ParaFind

A shared memory implementation of lookup in a semi-ordered matrix using openMP threads.

Aim

Parallelizing search in a semi-ordered matrix using divide and conquer technique in PRAM model to achieve speedup and scalability.

The conventional sequential Divide and Conquer algorithm reduces the search space by dividing the problem into 3 (usable) sub-problems of ¼ size each. These sub-problems are further solved by dividing them further.

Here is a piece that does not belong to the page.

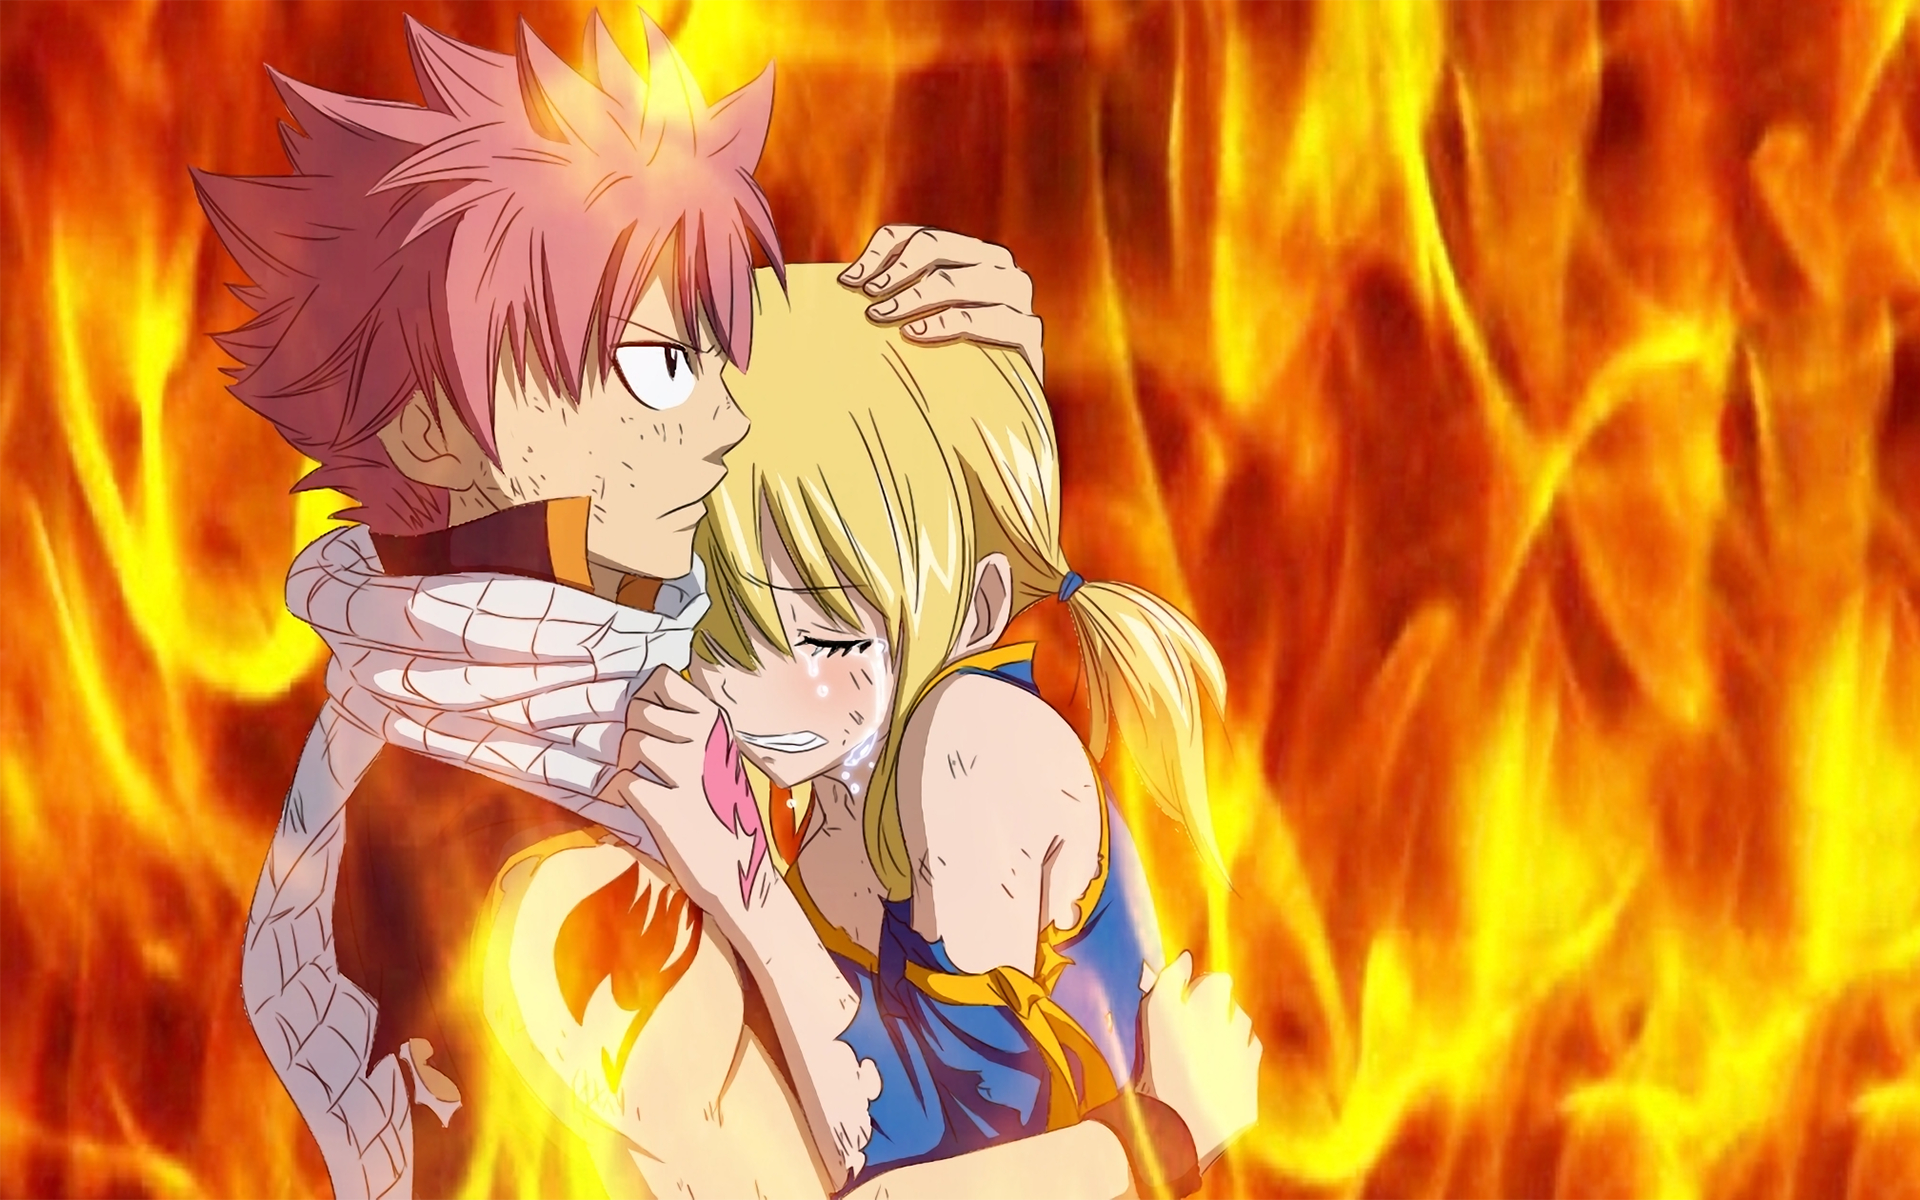 1920x1200 Download 2880x1800 Lucy Heartfilia, Tears, Crying, Natsu Dragneel, Fairy Tail, Fire Wallpapers for MacBook Pro 15 inch

Our method is a parallel divide and conquer inspired by the serial walk algorithm. The serial walk explores what we call, a path.
When the matrix is traversed along lines parallel to the major diagonal, we observe presence of cells which go from being less than query to being greater than the query. We call these cells as transition cells (these cells can be found in any row, column or diagonal using a single binary search). The collection of these transition cells make an arc across the matrix.
The query is bound to lie on this arc for obvious reasons. In the worst case this arc will be of size 2 * n(where n is the dimension of matrix). Localising every element of this arc and then using a search is a costly task. We instead use a series of binary searches to reduce the search space significantly.
To start the reduction of the search space, the top-right and bottom-left corners are helpful. Depending upon whether they are Lesser or Greater than the given query, the search begins on a combination of row and column pair. The divide and conquer begins after this initial step.
- (L, L) ⇒ search top row and leftward column
- (L, G) ⇒ search both the topmost and bottommost rows
- (G, L) ⇒ search both the leftward and rightward columns
- (G, G) ⇒ search the bottom row and the rightward column.

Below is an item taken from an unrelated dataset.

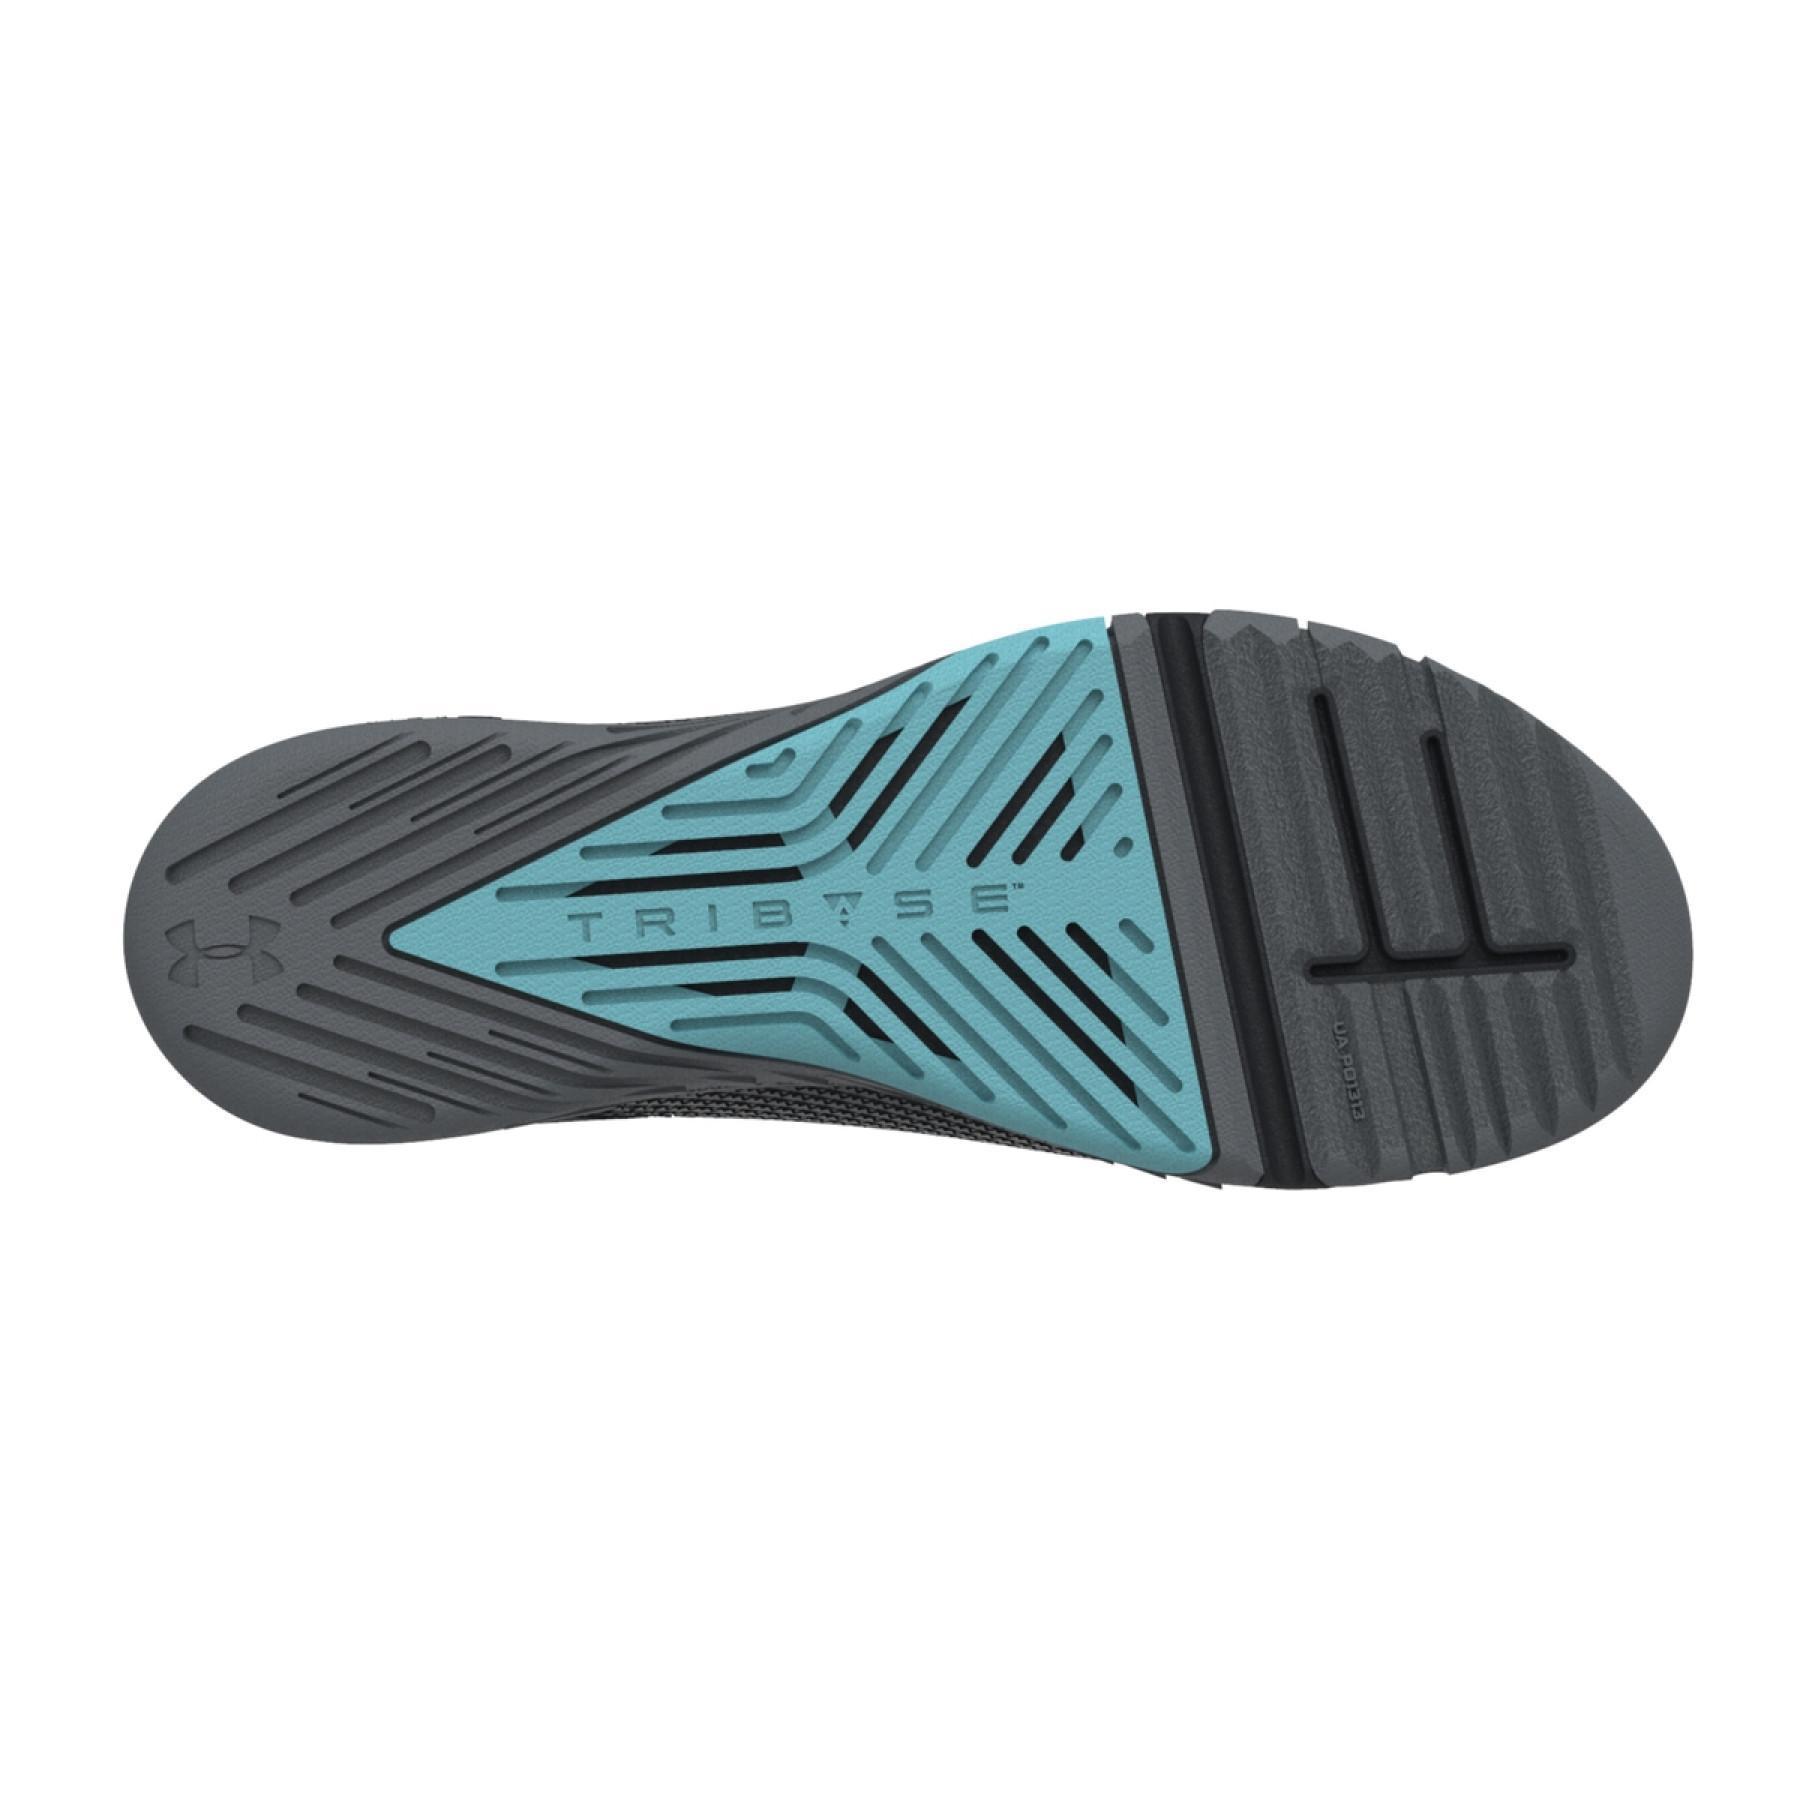 Buty treningowe Under Armour TriBase Reign 3

Divide the problem into two sub-problems by finding the transition cell in the middle row of the search space. Now the mid transition cell becomes the new top-right corner point for one space and bottom left corner point for the other.
This step is continued till the base case is reached. The size base case is fine tuned to achieve the best performance. The base case is executed serially on each thread, it helps balance out the serial execution and improve the processor utilization.
When the base case is reached, the serial walk algorithm is used to search for the query.

The search space is reduced to two more search spaces of half the size. The additional overhead for identifying the subproblems is a binary search operation.
T(n) = 2 * T(n/2) + log(n) ⇒ T(n) = O(n)

Number of Threads / Size of input (10 ^ x) : x	3	4	5
1	0.000656	0.178207	11.5179164
2	0.000986	0.130130	4.5870631
4	0.001272	0.121982	4.1587933
8	0.001679	0.122782	3.1873924
16	0.002400	0.203116	6.4669829
32	0.003329	0.293175	9.9419043

This was an attempt to parallelize the serial walk algorithm for Find in a semi-ordered matrix. Our algorithm runs several orders faster than the traditional divide and conquer approach. However we have failed to demonstrate the desired scalability for smaller values.
On larger input sizes the performance improves slightly which might indicate that on even much larger inputs even this algorithm might be scalable. This could be because that the thread overheads are way more than the computation in this algorithm. However we cannot not verify this claim without testing on even larger input sizes.

	$ make compile
	$ make testcase d=4
	$ make run t=8

The program was thoroughly tested and optimized for a PRAM shared memory model which internally uses pThreads as primary units of computations.